In our previous report, we concluded that complex partial cluster seizures with orofacial involvement in cats often are associated with hippocampal pathology without other structural brain disease. We also demonstrated that MRI is useful in the antemortem diagnosis and that T2-weighted images may reveal hyperintense lesions restricted to the hippocampus and other extrahippocampal regions, such as the piriform lobe. Human patients commonly exhibit increased MRI signal intensity in the mesial temporal lobes with VGKC-complex antibody-associated limbic encephalitis, particularly on T2 or fluid-attenuated inversion recovery (FLAIR) sequences. MRI abnormalities in the temporal lobes can be seen in human patients and in dogs with seizures, regardless of the cause, suggesting that they can be the consequence of recurrent seizures. Our results indicating an association between hippocampal inflammatory and degenerative changes and VGKC-complex/LGI1 antibodies support an underlying autoimmune reaction in both humans and cats.
Recent investigations have shown that most of the antibodies thought previously to be directed against VGKCs in humans are, in fact, binding to other cell membrane proteins, particularly LGI1, CASPR2, and contactin 2 that are components of VGKC complexes. The presence of LGI1 antibodies in the VGKC-complex antibody-positive cats, therefore, strongly supports a similar etiology as observed in the human disease.
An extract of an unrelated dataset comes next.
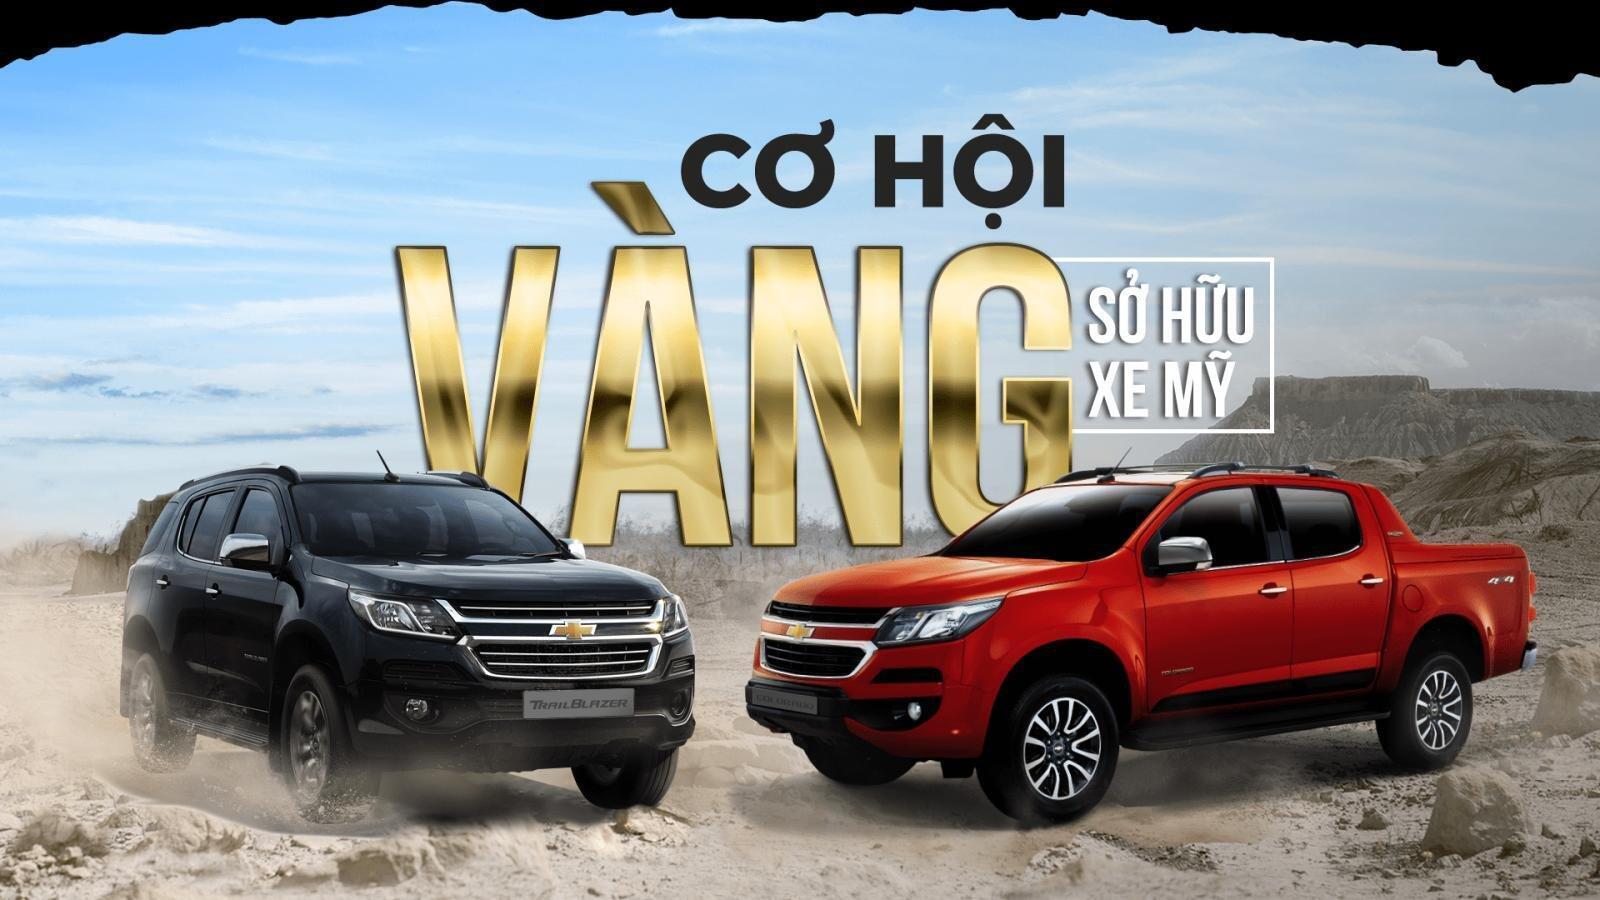 mua-xe-chevrolet-trong-thang-10-nhan-uu-dai-tri-gia-len-toi-150-trieu-dong
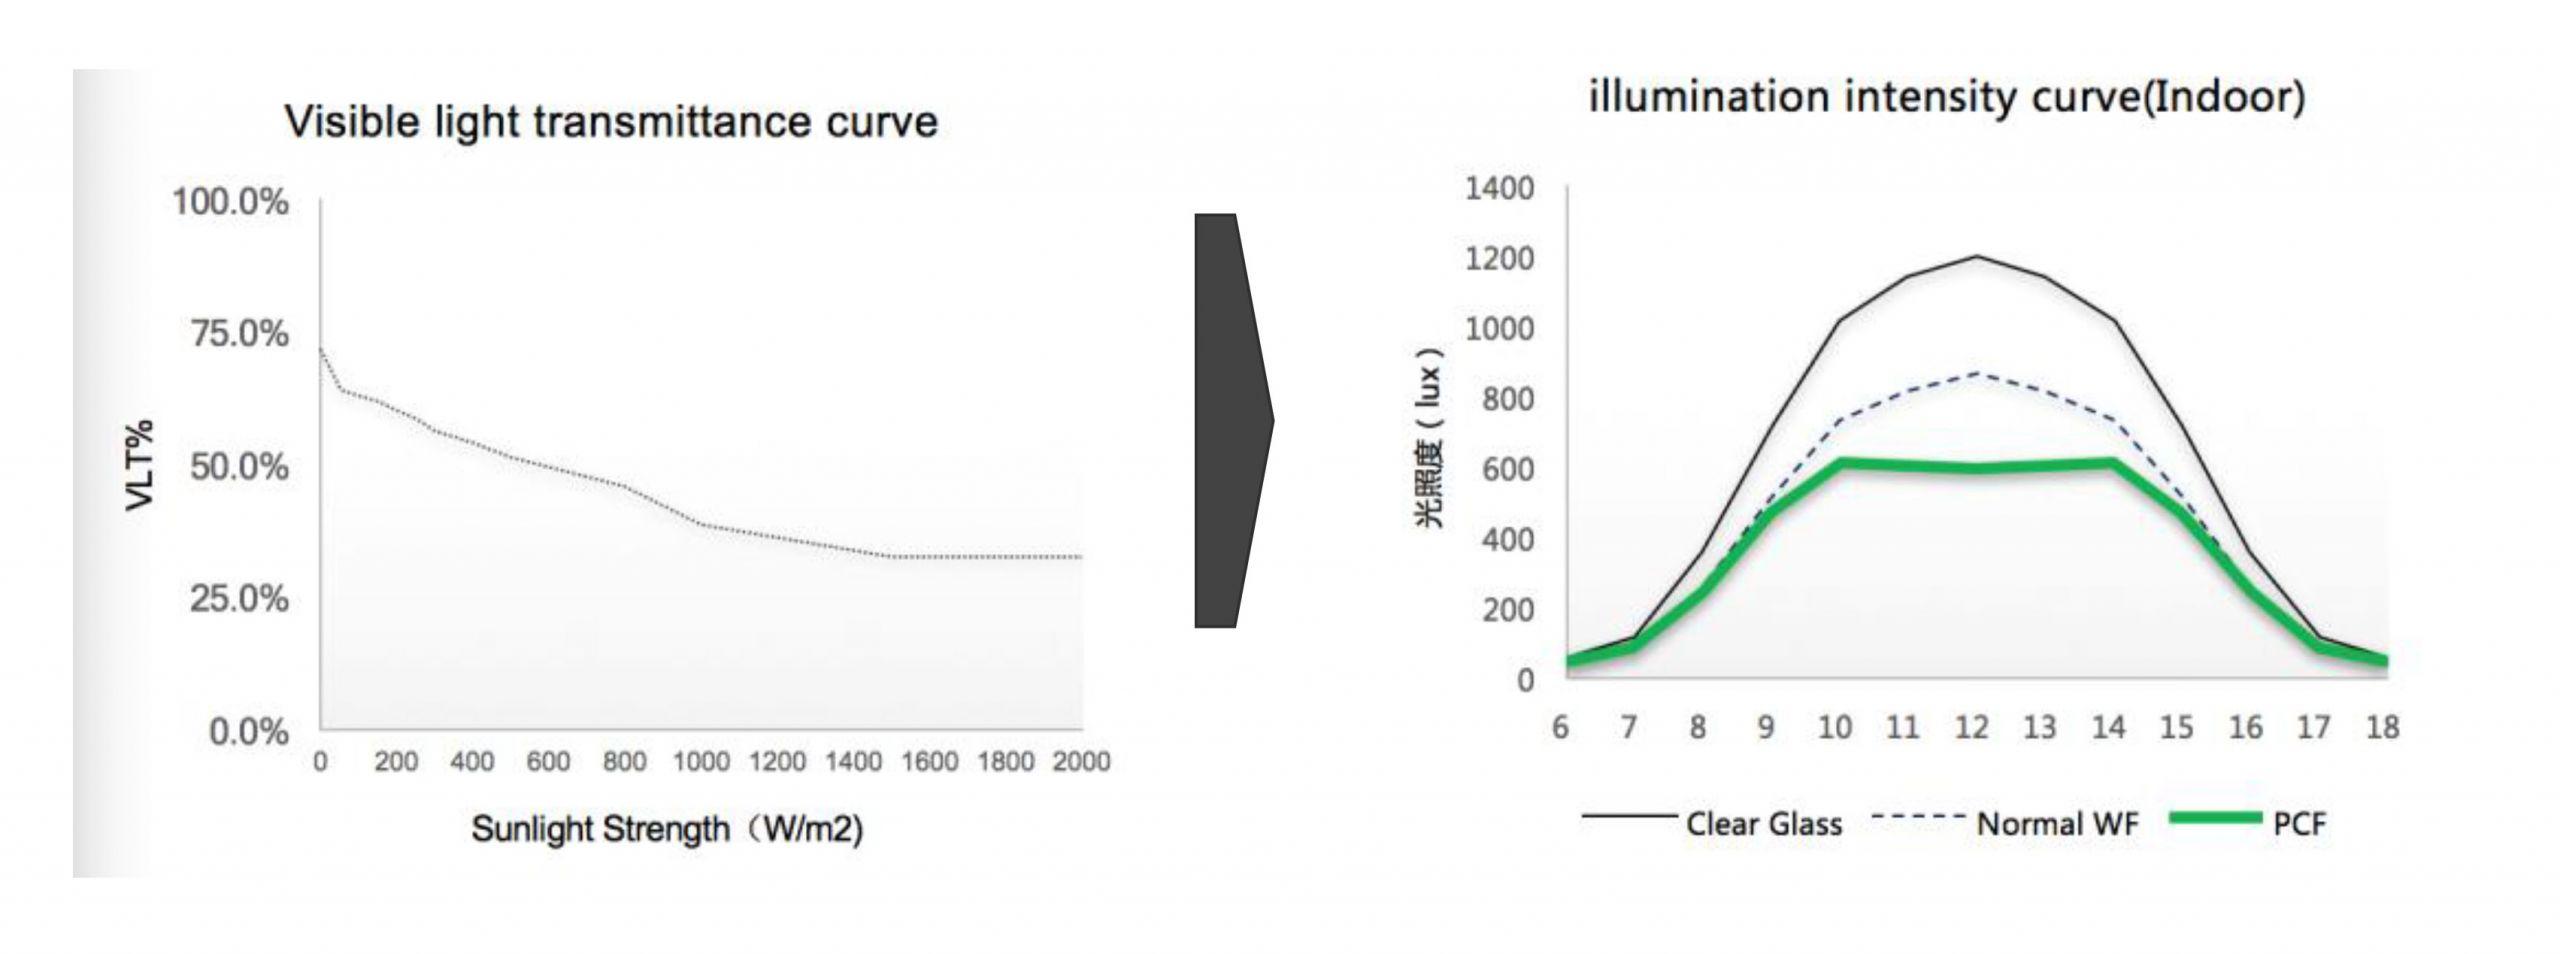 visible light transmittance curve

However, 2 important questions must be considered. First, Is the presence of antibodies specific to the neurologic disorder? and secondly, Are these antibodies pathogenic? Antibodies to VGKC-complexes were not detected in any of the control cats including 3 with brain tumors. The presence of autoantibodies does not appear to be a nonspecific inflammatory response because other antibodies such as those against GAD, an intracellular protein also associated with LE in humans, were not detected in these cats. Although very few studies have been reported, the major pathophysiologic mechanism is likely to be interference with the expression or function of VGKCs as a result of antibodies binding to LGI1 with which they are closely associated in the neuronal membrane. This would lead to increased neurotransmitter release with resulting neurologic deficits and seizures.
The most important finding of our study is that autoimmune limbic encephalitis likely exists in cats and that the VGKC-complex antibody may play an important etiologic role in seizure diseases in this species. We found that 36% of cats with acute onset CPS with orofacial involvement showed increased concentrations of IgG against VGKC-complexes in the acute stage of their disease, and the clinical course and follow-up examination strongly suggest that immune-mediated limbic encephalitis has a fair prognosis in cats. Further investigations with larger case recruitment and complete diagnostic evaluation including brain high-field MRI, CSF analysis, EEG, histology, and follow-up examinations including cats with different CNS disorders and different seizure types are necessary to validate our conclusion and to explore further similarities with the human disease.
This study was not supported by a grant.
Conflict of Interest: Authors disclose no conflict of interest.